Wittig, 20, succumbed to head injuries he suffered May 7 while participating in a bicycle race in Muskego.

Wittig's mother, Susan, said the decision to be an organ donor had been made by her son 4 years ago.

"One of the reasons Matt wanted a driver's license was to say that he would be an organ donor," Susan Wittig said. "He was as excited to say that he would be a donor as he was to drive.

"That's the kind of kid he was," she added. "He had a kind, giving soul and heart."

Despite Matt Wittig's choice to be an organ donor, though, his family still faced an agonizing decision to keep him on a respirator and continue a steady supply of blood and oxygen to his organs, preserving them for transplant.

Cardiac cases account for the largest number of deaths in the United States. That prevents organ donations, because the organs are deprived of a continuous blood and oxygen supply, said Tim Olsen, community development coordinator for the Wisconsin Donor Network.

Brain injuries, though, normally allow major organs to keep receiving the required blood and oxygen, he said.

Susan Wittig said the Wittig family made the decision to keep Matt on the respirator.

"The reason that we chose to wait for brain death was so that it would allow the optimum number of organs to be saved, which we as a family felt was in Matt's heart," she said.

"Not only did he have a strong athletic heart," she added, "but his heart was truly the essence of who he is."
A passion for bicycling

A licensed U.S. Cycling Federation racer, Matt Wittig was injured during a Wisconsin Cup bicycle race in Muskego County Park on May 7. He was pulling away from the pack of riders when his right foot slipped out of a pedal, his right knee struck the handlebars and he was flung over the bars onto the pavement, said Hans Higdon, a fellow rider and event organizer.

Wittig suffered head injuries. He was wearing a helmet, but he likely was traveling 25 to 30 mph when the accident occurred, Higdon said.

Wittig, a sophomore at the University of Wisconsin-Madison, was involved in a similar serious bicycling accident last spring. He was an officer in the UW Cycling Club.

Even after the first accident, he continued racing this fall because "that was his passion," his mother said. "This was the light that kept him going."

His family supported Wittig's decision to get back into racing, she said. "We will never regret that he went back on his bike."

Matt Wittig was flown from the scene of the May 7 accident by Flight for Life helicopter to Froedtert Memorial Lutheran Hospital in Wauwatosa. He was declared brain dead Thursday morning and his organs were harvested Thursday night, said his brother, Mark Wittig.

On Friday, the organs were transplanted into four people from southeastern Wisconsin and one from Indiana.

The recipients include:

• A man in his mid-30s who received Wittig's heart.

• A woman in her late 40s who received his lungs.

• A woman in her mid-50s who received his liver.

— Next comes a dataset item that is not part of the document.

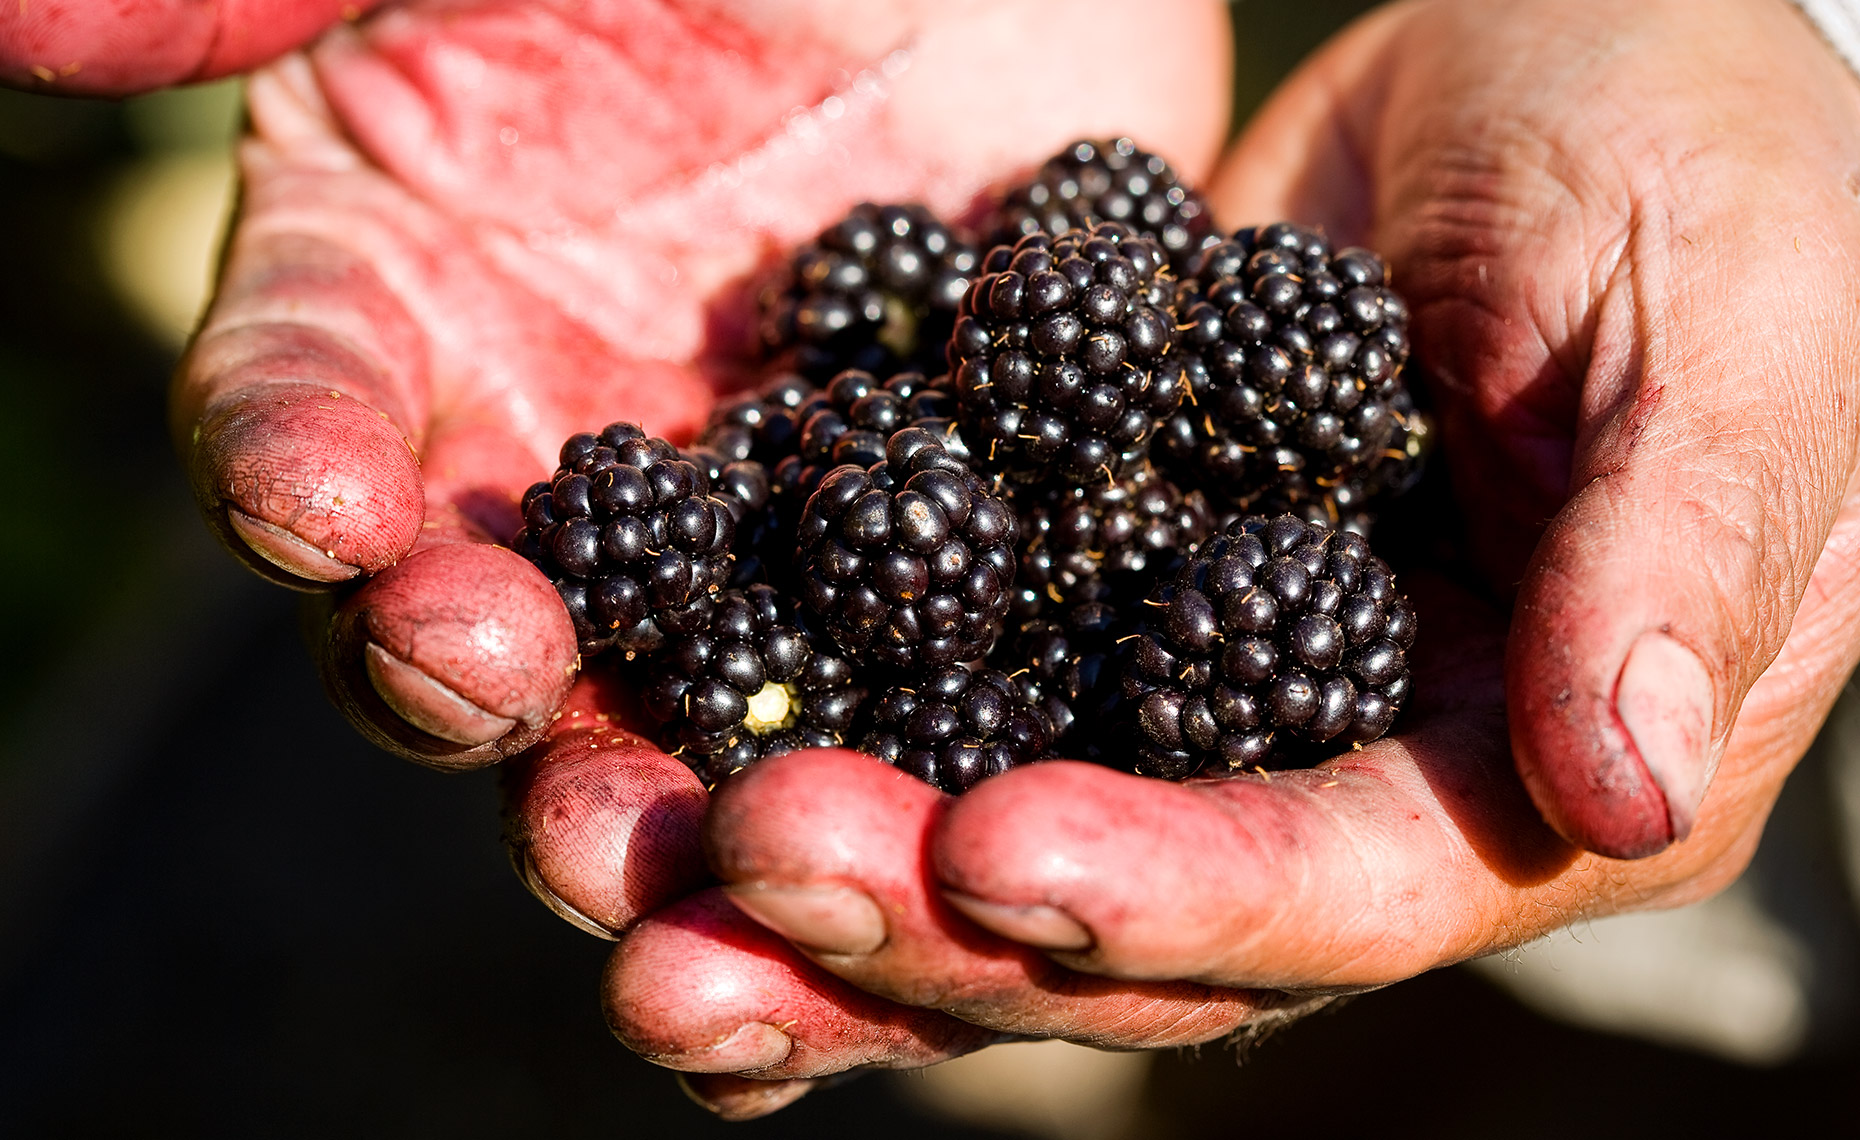 Hand holding fresh picked blackberries

• An Indiana man in his early 30s, who received one of Wittig's kidneys.

• A man in his late 20s who received Wittig's other kidney and his pancreas.

The enormity of Matt Wittig's gift and the even larger loss felt by his family wasn't lost on Olsen of the Wisconsin Donor Network.

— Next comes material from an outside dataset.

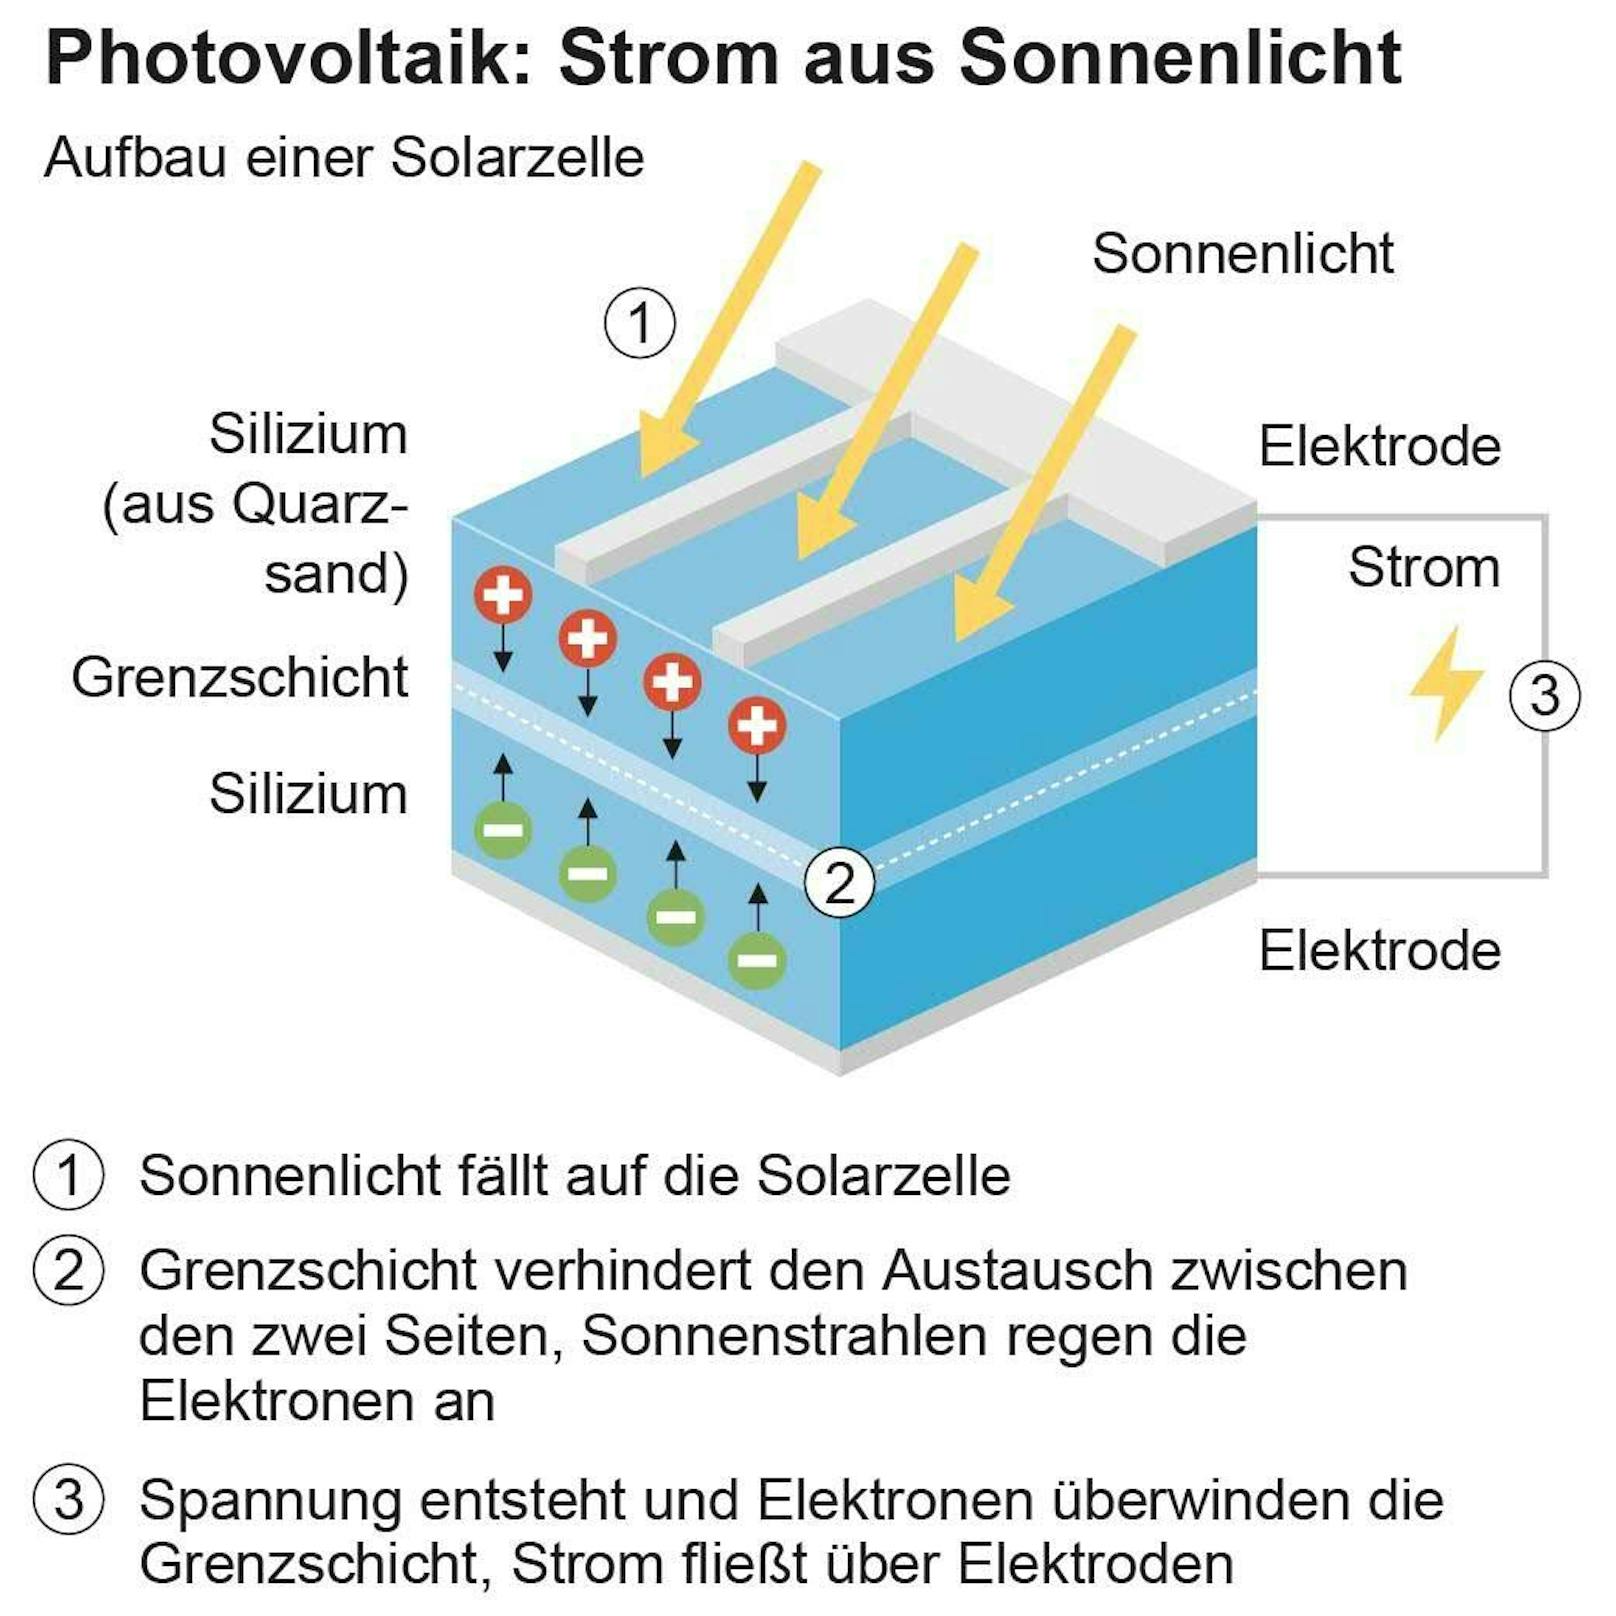 Photovoltaik boomt: So funktioniert Energiegewinnung durch Solarzellen.

"It's beneficial to the people who receive the organ transplants, but it's tragic when anyone dies young and suddenly like that," Olsen said.

Wittig's tissues also were harvested. Olsen said they could have included bone segments, veins, skin, his corneas and connective tissue, such as cartilage, ligaments and tendons.

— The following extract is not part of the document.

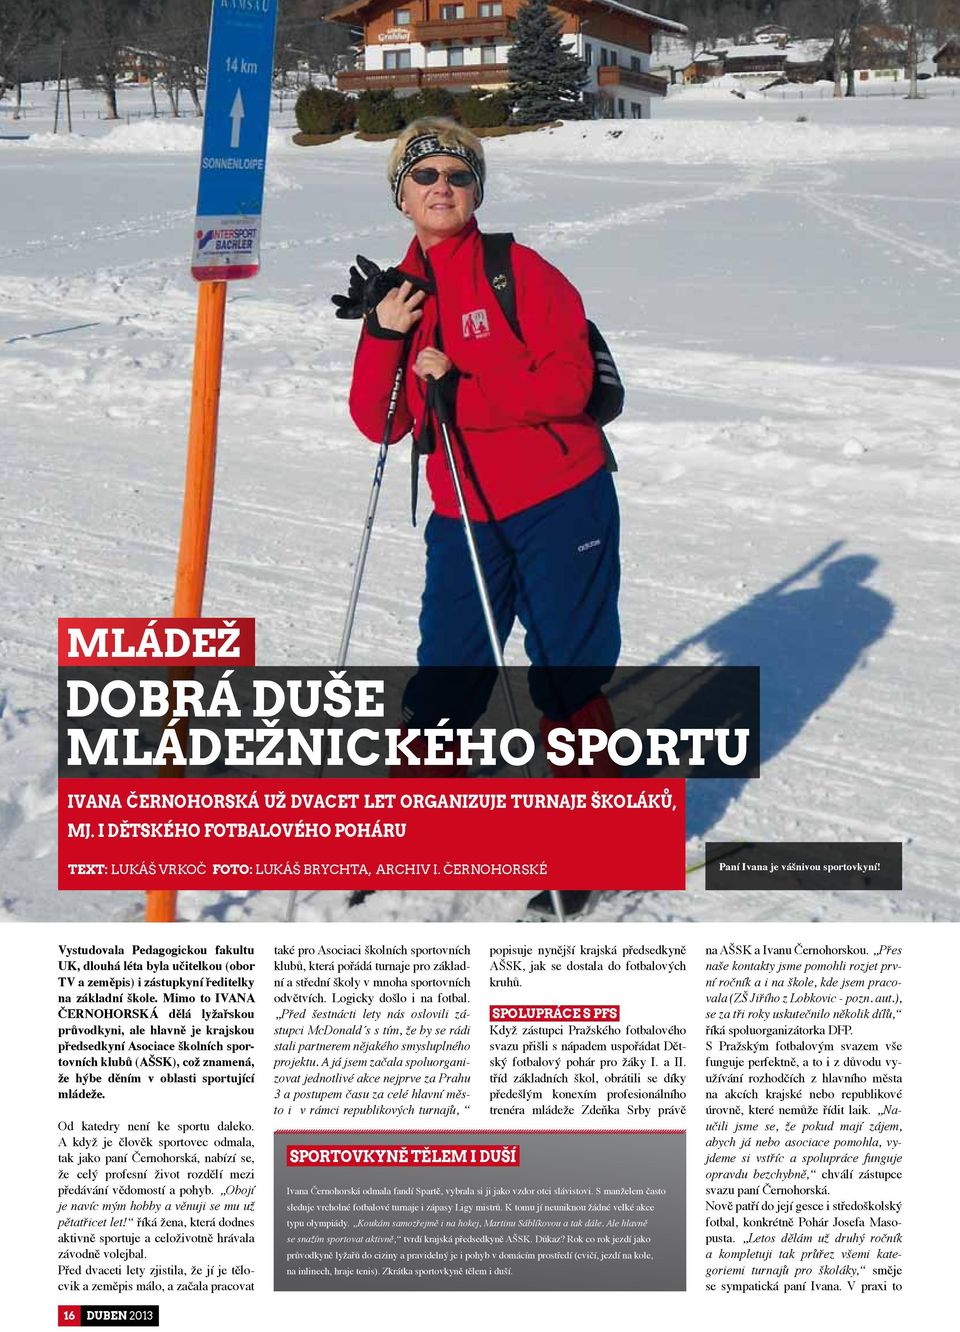 Mimo to IVANA ČERNOHORSKÁ dělá lyžařskou průvodkyni, ale hlavně je krajskou předsedkyní Asociace školních sportovních klubů (AŠSK), což znamená, že hýbe děním v oblasti sportující mládeže.

"These tissues can be used to help up to 75 people," Olsen said. "They are considered life enhancing."

As of May 6, more than 95,000 people were waiting for organ transplants in the United States, according to the U.S. Organ Procurement and Transplantation Network.

In addition to his mother and father, John, Matt Wittig is survived by two older brothers, John Jr. and Mark, and his grandmothers, Mary Wittig and Virginia Lemberger.

Visitation will be from 4 to 7 p.m. Sunday at the Schmidt & Bartelt Funeral Home, 10280 N. Port Washington Road, Mequon.

A Mass of Christian Burial will be held at 10:30 a.m. Monday at St. James Catholic Church, 2700 W. Mequon Road, Mequon.

Burial will follow the services at Resurrection Cemetery and Mausoleum, 9400 W. Donges Bay Road, Mequon.

The family suggests memorials to the Lance Armstrong Foundation, P.O. Box 130819, Houston, TX 77219-0818.